[Aim of the exercise]:
Write out exactly the lines from the one with "#1852media @1852media @ElleWoodsPR" through the last line of the data below, but not the pictures.

-- Exercise data follows --

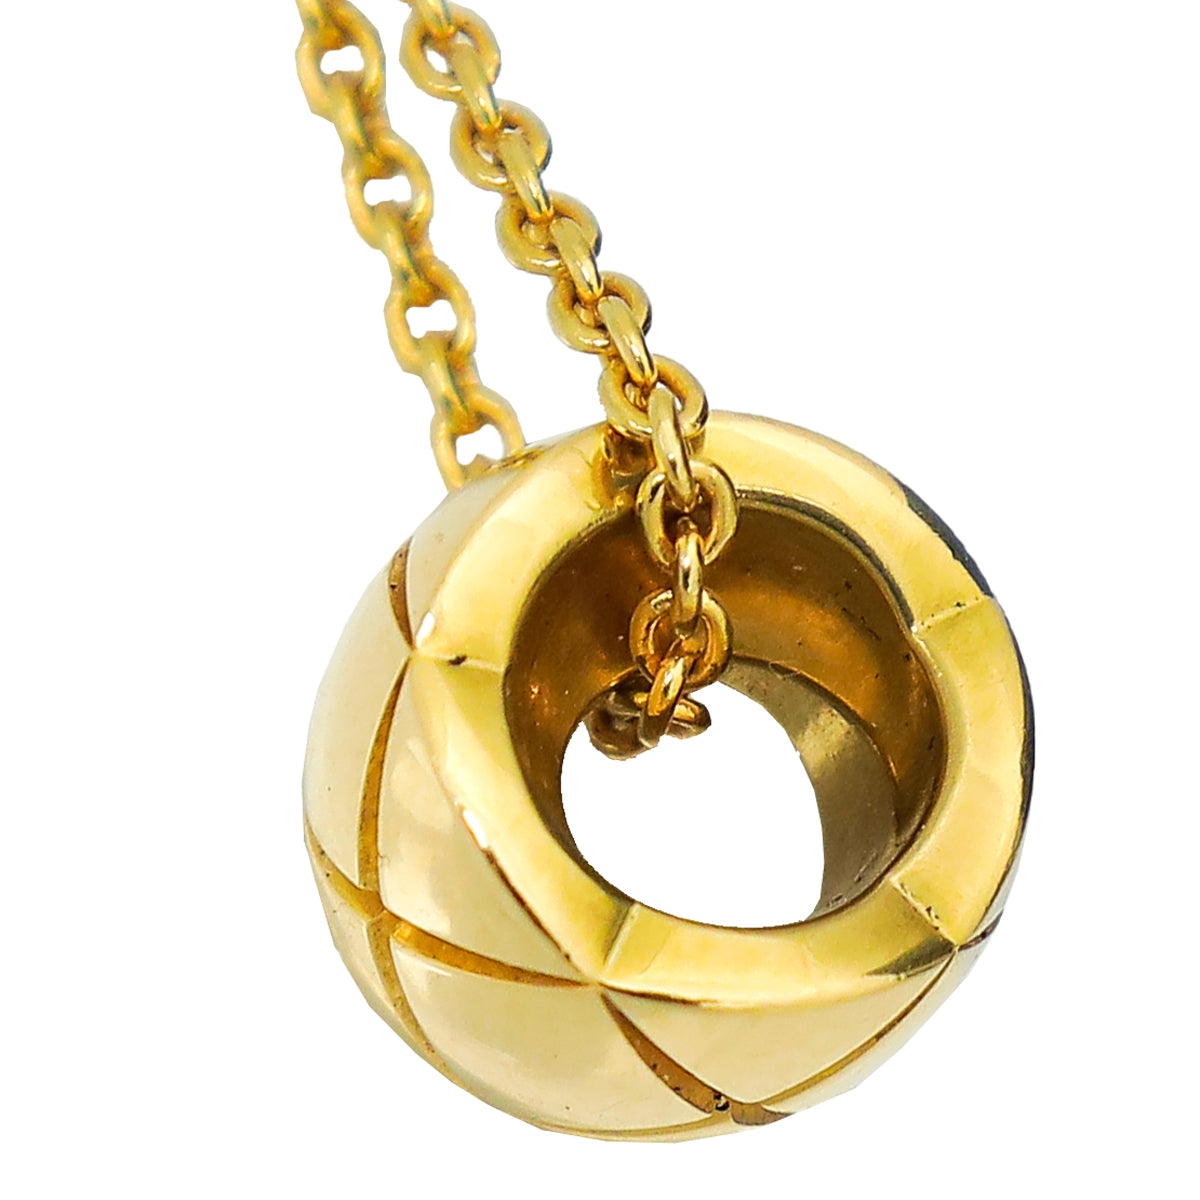 Chanel 18K Yellow Gold Coco Crush Pendant Necklace – The Closet
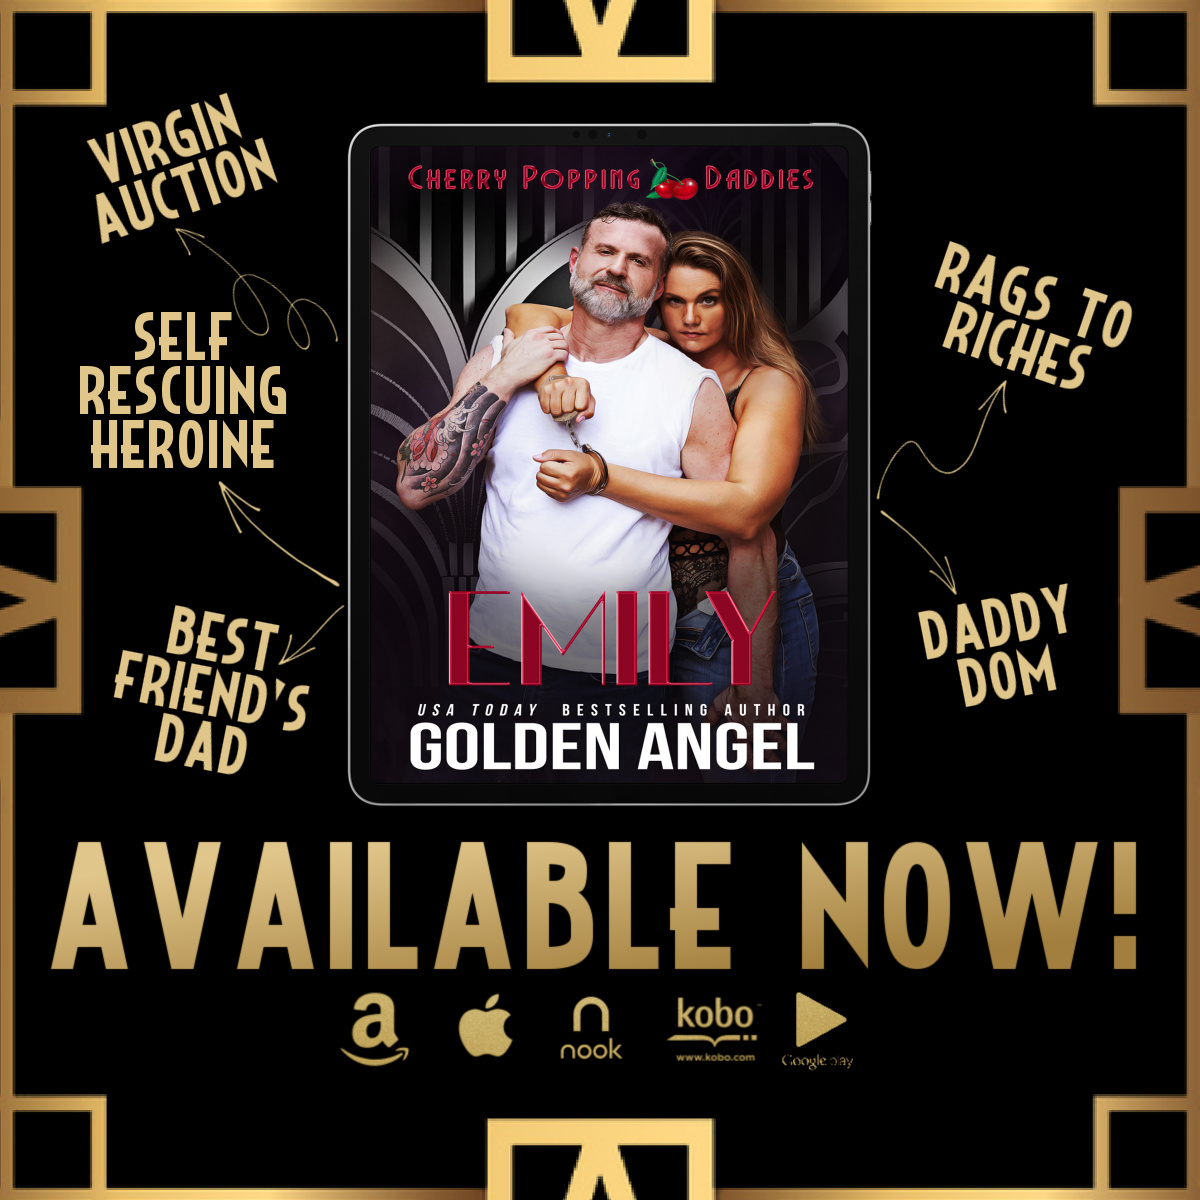 🍒 VIRGIN AUCTION DADDY ROMANCE 🔥 The newest release from @GoldenAngelRom is bringing all the heat. Grab your copy today! geni.us/CPDEmily #releaseboost #emily #cherrypoppindaddies #daddyromance #kinkromance #eroticromance #1852media @1852media @ElleWoodsPR
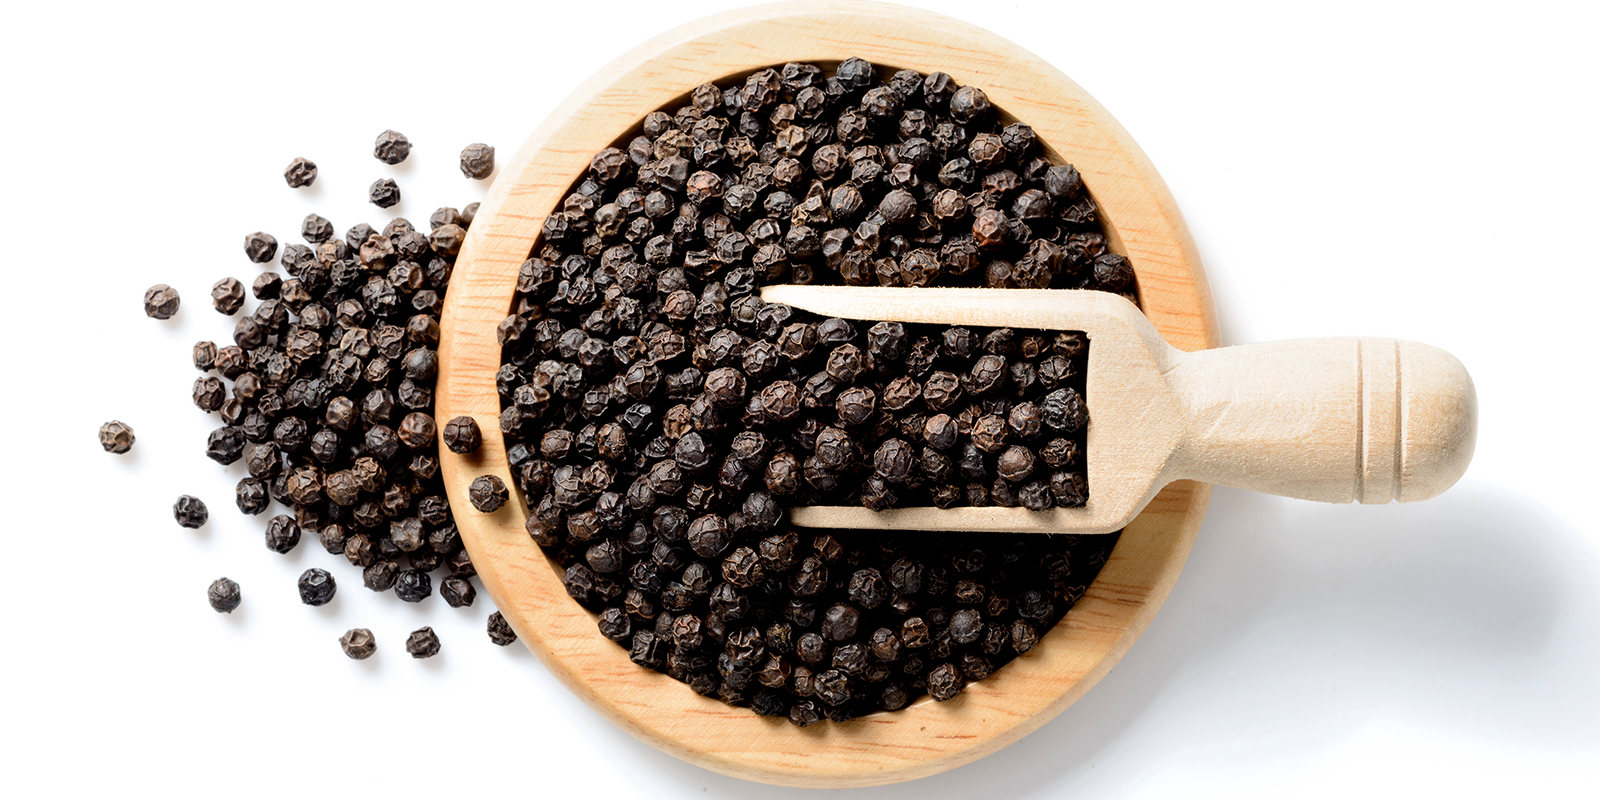 Black pepper: how does it impact testosterone

-- Exercise data concluded --

[Task output]:
 🍒 VIRGIN AUCTION DADDY ROMANCE 🔥 The newest release from @GoldenAngelRom is bringing all the heat. Grab your copy today! geni.us/CPDEmily #releaseboost #emily #cherrypoppindaddies #daddyromance #kinkromance #eroticromance #1852media @1852media @ElleWoodsPR
 Black pepper: how does it impact testosterone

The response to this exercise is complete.